Ketertarikan membaca karya ini semakin relevan hari ini, ketika bangsa sedang berupaya memperkuat identitas kebangsaan sekaligus merawat nilai kemanusiaan. Di tengah wacana politik yang sering biner—kawan atau lawan, merah atau putih—cerita Toha Mohtar memberi ruang refleksi: bahwa musuh pun bisa punya wajah manusiawi, dan perang tak selamanya hitam-putih.
Sinopsis
Cerpen pertama, “Meneer Charlie Boon”, menampilkan kisah seorang Belanda bernama Boon yang datang ke Indonesia pada 1948. Ia bertemu Mas Har dan para pejuang muda seperti Ahmad, Irkam, dan Seno. Boon berniat melaporkan kondisi Indonesia ke KTN dengan perspektif yang adil, namun ia selalu diselimuti kecurigaan. Meski Mas Har percaya padanya, keraguan tetap menghantui para pejuang.

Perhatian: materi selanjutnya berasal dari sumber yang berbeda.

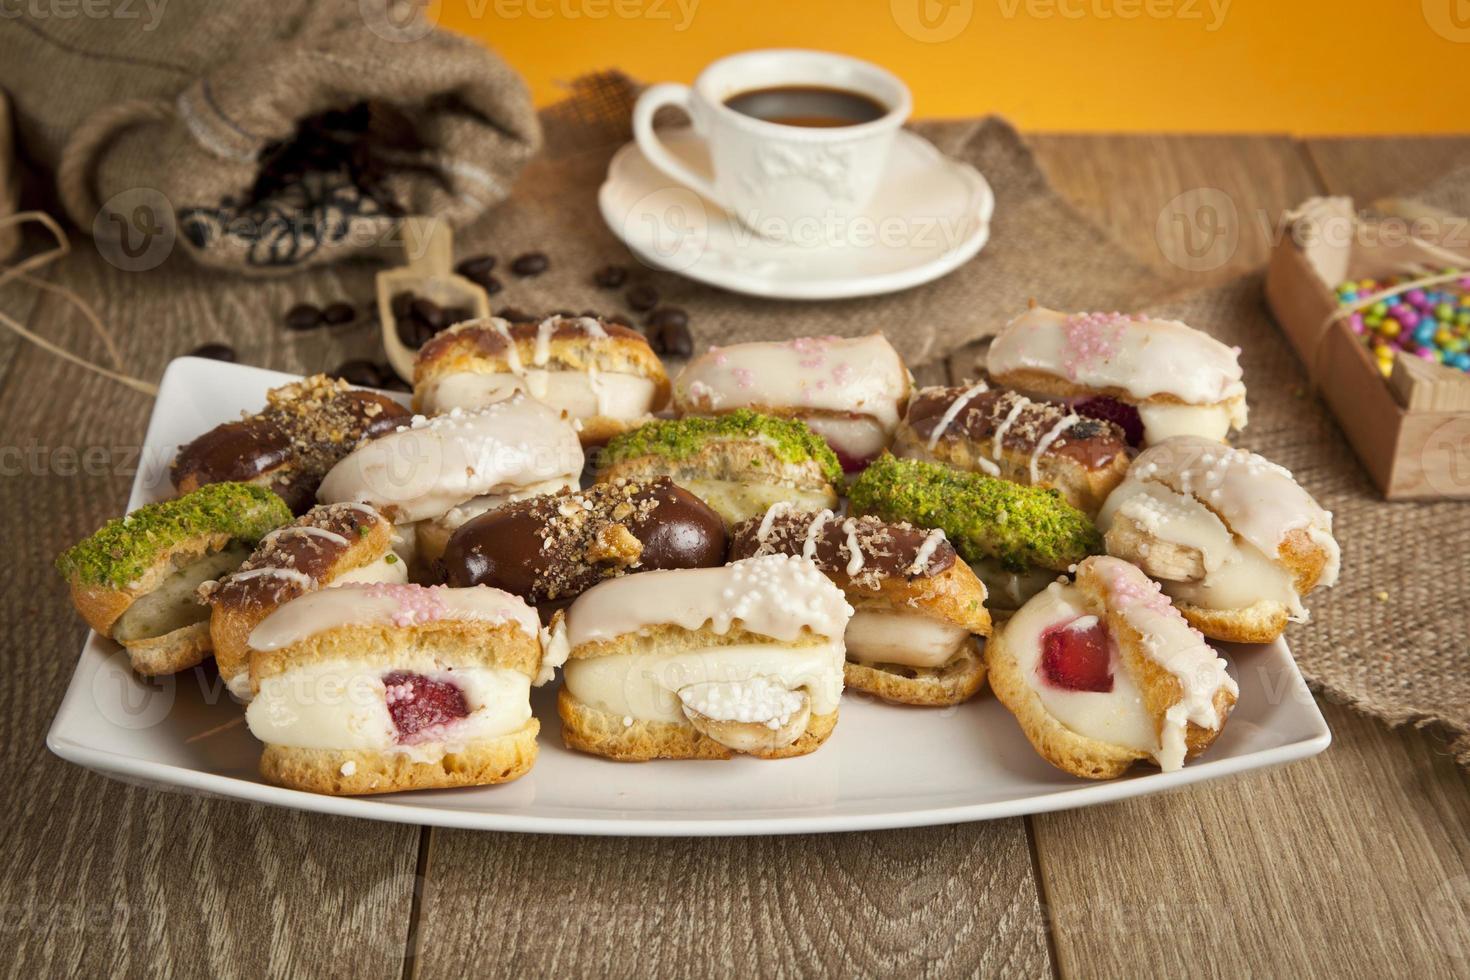 duitse dessertroomtaart chocolade, pistachenoten, banaan, aardbei, witte chocolade foto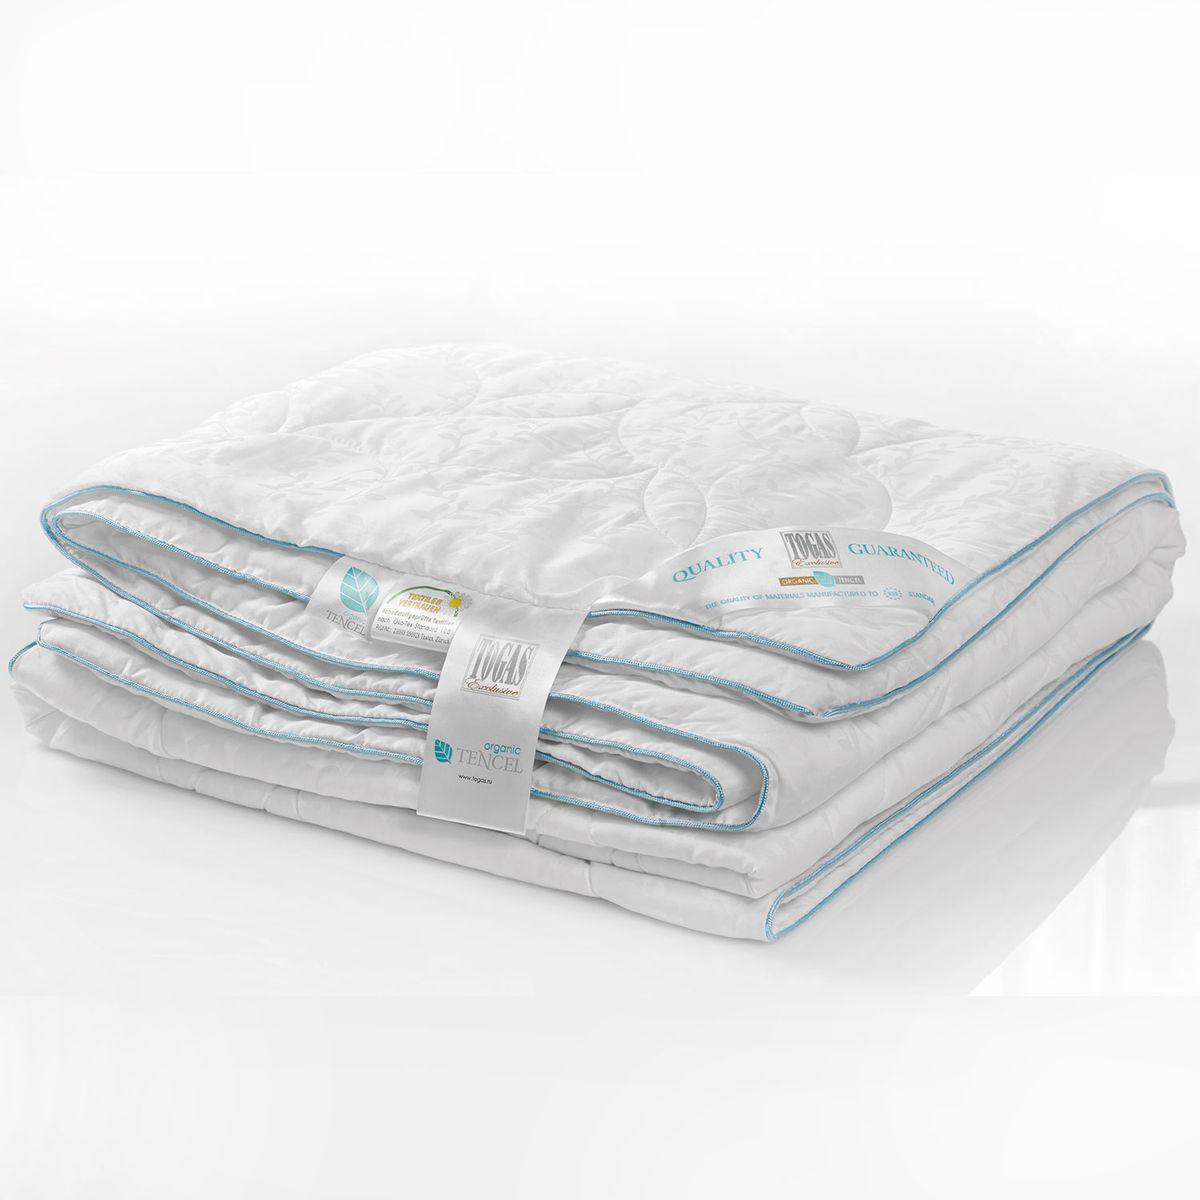 Одеяло Органик тенсель эвкалиптовое волокно в ткани тенсель, 220 х 240 см. 20.04.12.008120.04.12.0081Состав: чехол - 100% жаккард тенсель; наполнитель - 100% тенсель. Детали: одеяло каростепное, классический крой, двойная отстрочка, окантовка голубым шнуром, чехол с растительным жаккардовым рисунком, наполнитель - тенсель. Цвет: белый. Уход: рекомендована сухая чистка. Возможна машинная стирка в домашних условиях в теплой воде (температура не выше 30°С) в деликатном режиме, если есть соответствующее указание в инструкции по уходу. Для длительного хранения и перевозки используйте тканевые сумки-чехлы, в которые одеяло было упаковано при покупке. Регулярно проветривайте одеяла и подушки, желательно на свежем воздухе, но не под прямыми солнечными лучами.

Cerpen kedua, “Sersan Wolters”, berkisah tentang Wolters, seorang serdadu Belanda yang berhati baik. Ia menolong penduduk sipil dengan mengantarkan obat, meski harus menembus lorong-lorong gerilyawan. Tragisnya, niat baik itu justru berujung kematian karena ia ditembak gerilyawan yang tak tahu perbuatannya. Ironi muncul ketika penduduk mengetahui Wolters adalah orang yang pernah menyelamatkan mereka.